The limitation of the ISC report is that it is confined to the process of producing the dossier. Its members resolved early on that their remit was not to judge whether the decision to invade Iraq was correct. But this leaves unanswered the real political issue. Why did so much of the intelligence on which Number 10 built the case for war turn out to be wrong? There were no weapons ready for use in 45 minutes, whether on the battlefield or anywhere else. There was no uranium contract with Niger. The invasion of Iraq was the first time British troops were committed to action on the basis of intelligence alone, and every major piece of that intelligence has turned out to be wrong. It appears a hopelessly inadequate response to focus only on whether the process of drafting the dossier followed correct procedure, rather than ask the much larger question why so much of it was flatly wrong.

It would be equally inadequate if the media and the Opposition now get diverted into a game of hunt the Hoon. The decisions to publish the dossier, to go to war, and to identify David Kelly were collective ones, and no single minister should be asked to carry the can. If Geoff Hoon was at fault in any particular, it was that he was too loyal in carrying out the Prime Minister's wishes and not robust enough in querying whether it was a wise policy.
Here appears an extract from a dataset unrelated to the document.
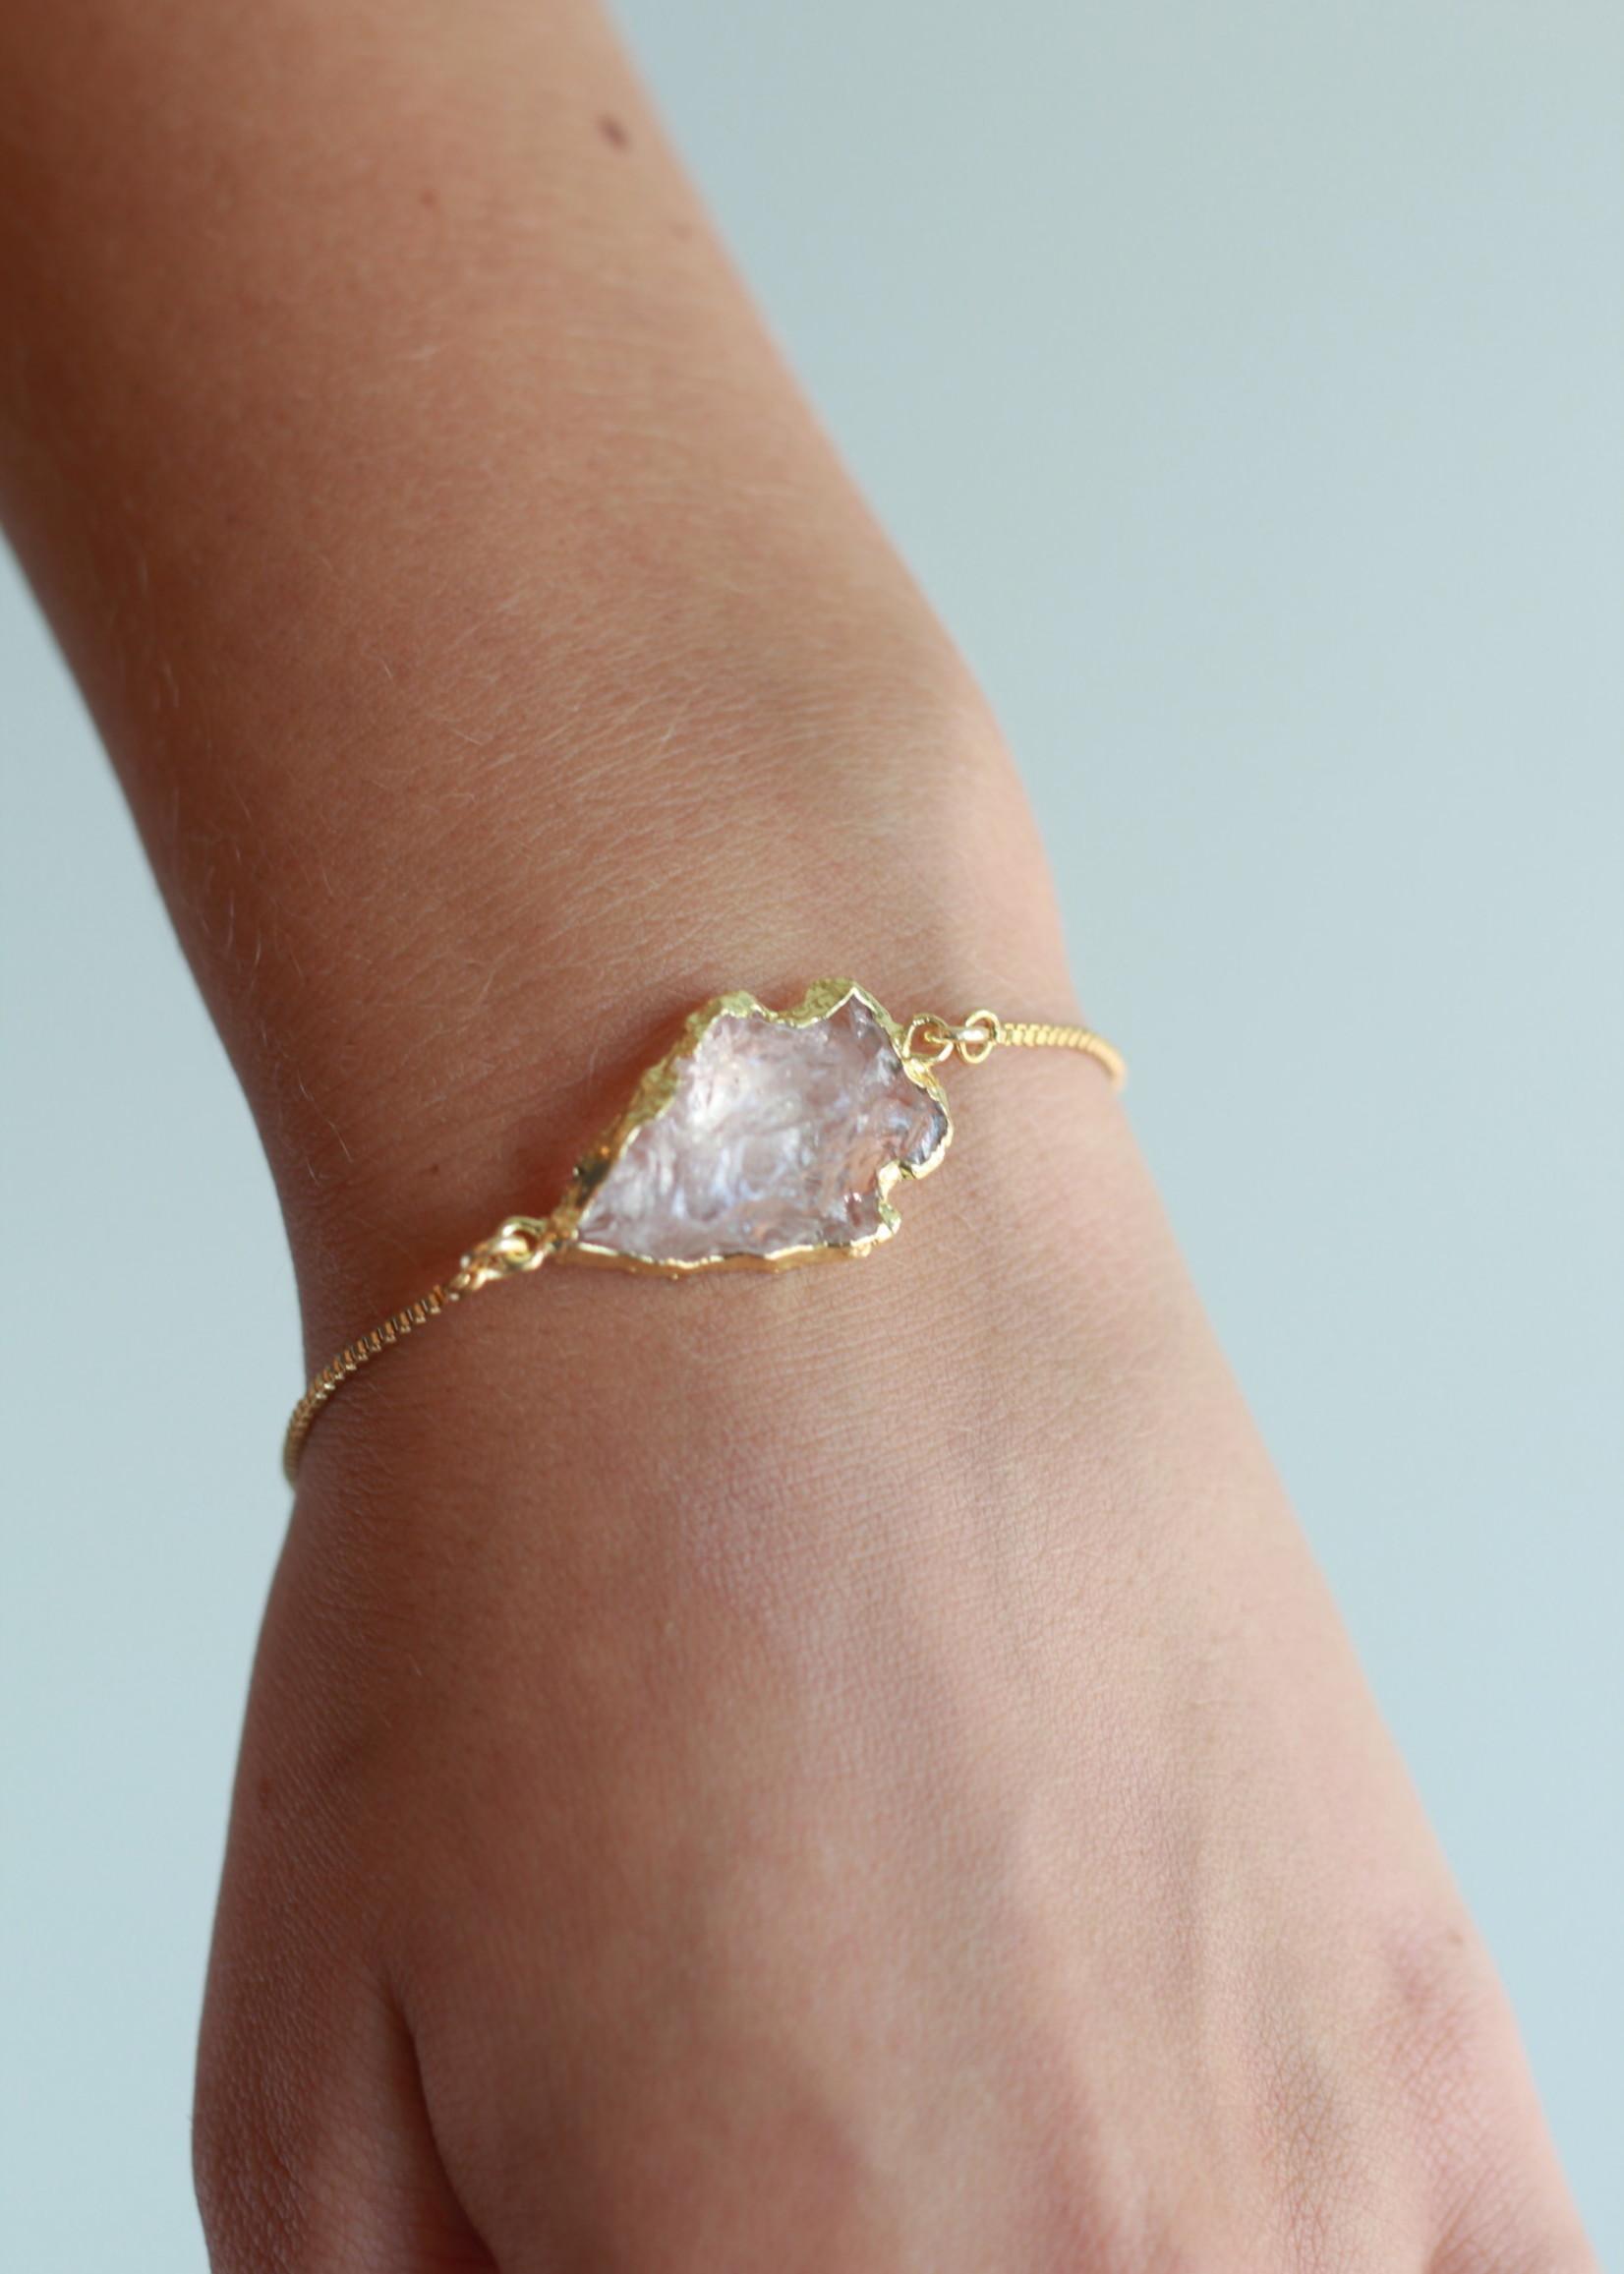 Allison Conway AC Clear Arrowhead Bracelet

But this is hardly an offence for which the Prime Minister can now sack him.

The real issue over the worries of the Defence Intelligence Staff is not whether Geoff Hoon gave a full answer in evidence to the ISC, but why their concerns were not reflected in the September dossier. If true, it is astounding that the JIC never knew that Britain's leading military expert on chemical weapons was unhappy with the dossier. Nor were his reservations entirely "linguistic" as Geoff Hoon argued yesterday. The evidence published by Hutton reports the same expert commenting that the decision to claim the production of phosgene as evidence of a chemical weapons programme was "a pretty stupid mistake".

The biggest blow to the Government's case for war comes late in the ISC report, when it reviews the intelligence assessments that came after the September dossier. It reveals that in February Number 10 received a JIC assessment on Iraq and international terrorism which could not be more at odds with the Government's public position. The JIC assessed that the threat from al-Qa'ida "would be heightened by military action against Iraq". This does hole below the waterline the case advanced in both Washington and London that the invasion of Iraq was somehow part of a war against terrorism.
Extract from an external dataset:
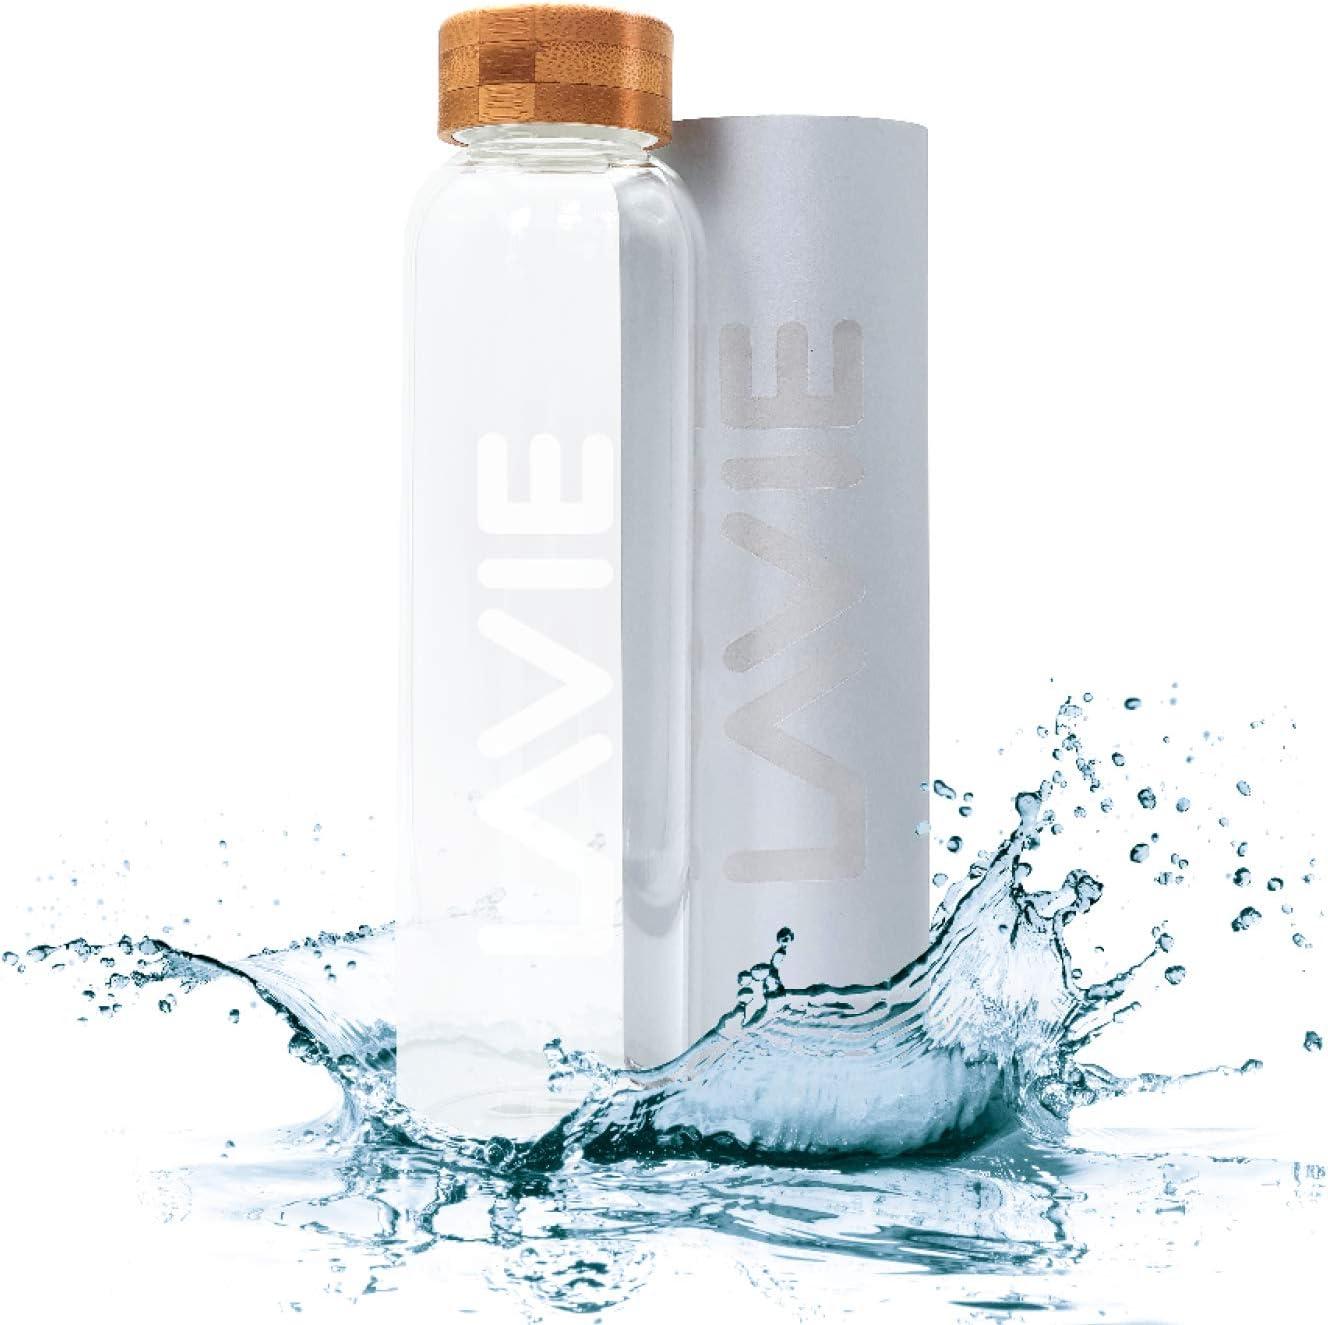 LaVie 2GO - Purificador de agua portátil de aluminio (0,5 L) con caja de aluminio, purifica el agua en 15 minutos con luz UVA, sin filtros, sin mantenimiento, solo agua dulce pura:

Unfortunately this is one JIC assessment which is proving correct after the event. The months since the fall of Baghdad have been punctuated by further audacious and violent terrorist bombings. And international terrorists, who never got over the border under Saddam, are now so prevalent in Iraq that George Bush has been obliged to designate it the new central front in the war against terrorism.
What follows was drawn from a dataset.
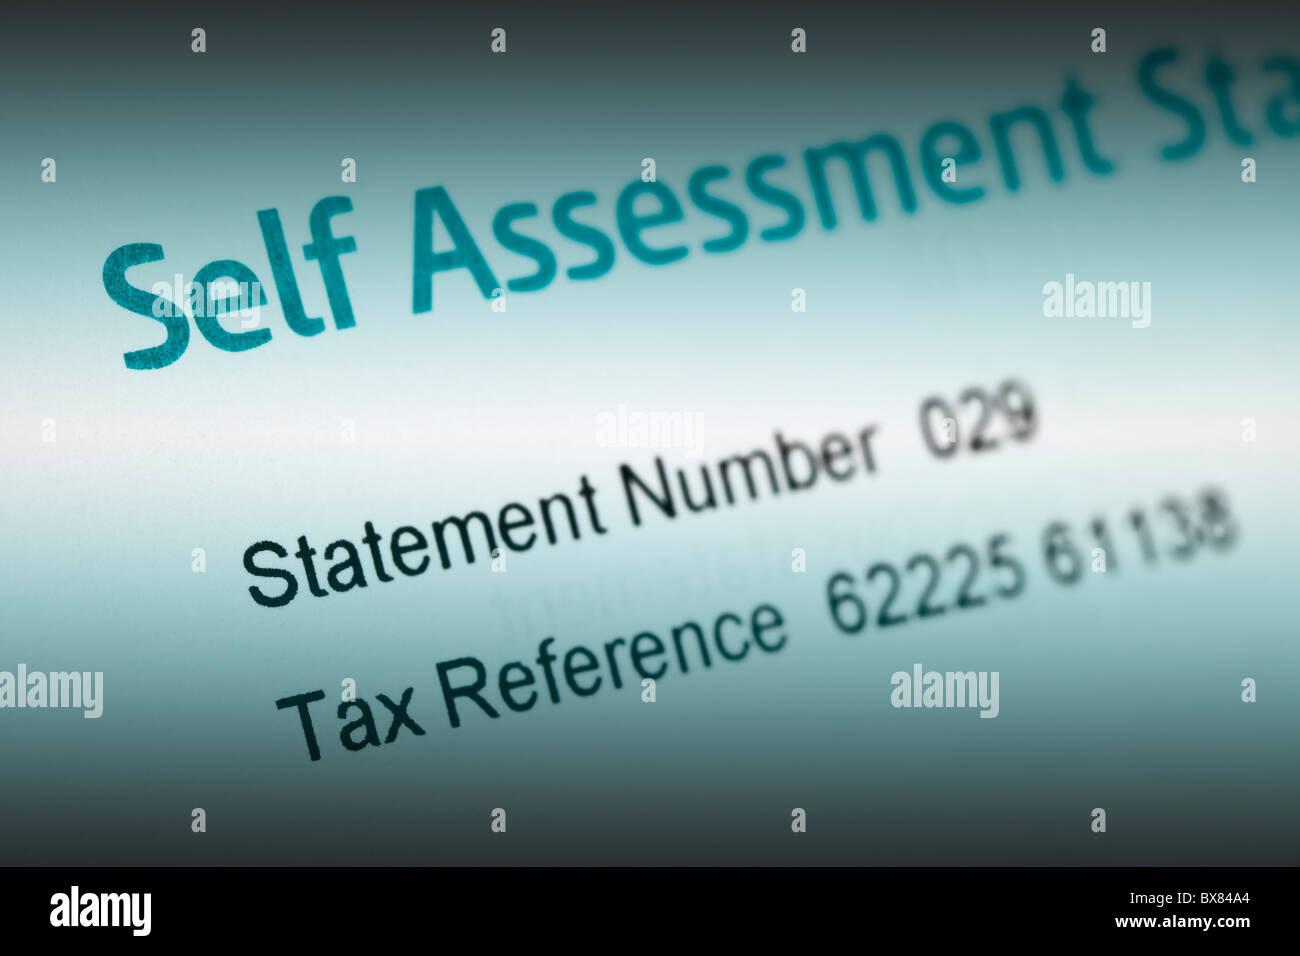 UK tax hm revenue & customs self assessment statement - Stock Image

But the most embarrassing revelation is that JIC warned that the collapse of the Iraqi regime would increase the risk of chemical or biological agents finding their way into the hands of terrorists. That warning dropped on desks in Number 10 in February. One month later Tony Blair addressed Parliament on the eve of war and put at the centre of his speech the need to prevent the weapons of mass destruction of rogue states falling into the hands of terrorists. At no point in that speech did he admit that the intelligence advice to him was that the war would increase the very threat he claimed it would reduce.

The position in which Number 10 now finds themselves in relation to Iraq could hardly be more desperate. Every argument that they used to justify the war has collapsed. There was no current and serious threat from weapons of mass destruction. There is a real threat from terrorism, but it has got worse, not better, as a result of the war. The time is looming when they can no longer go on denying that the real reason they took Britain to war was not weapons of mass destruction nor terrorism, but to impress George Bush that Tony Blair was his reliable ally.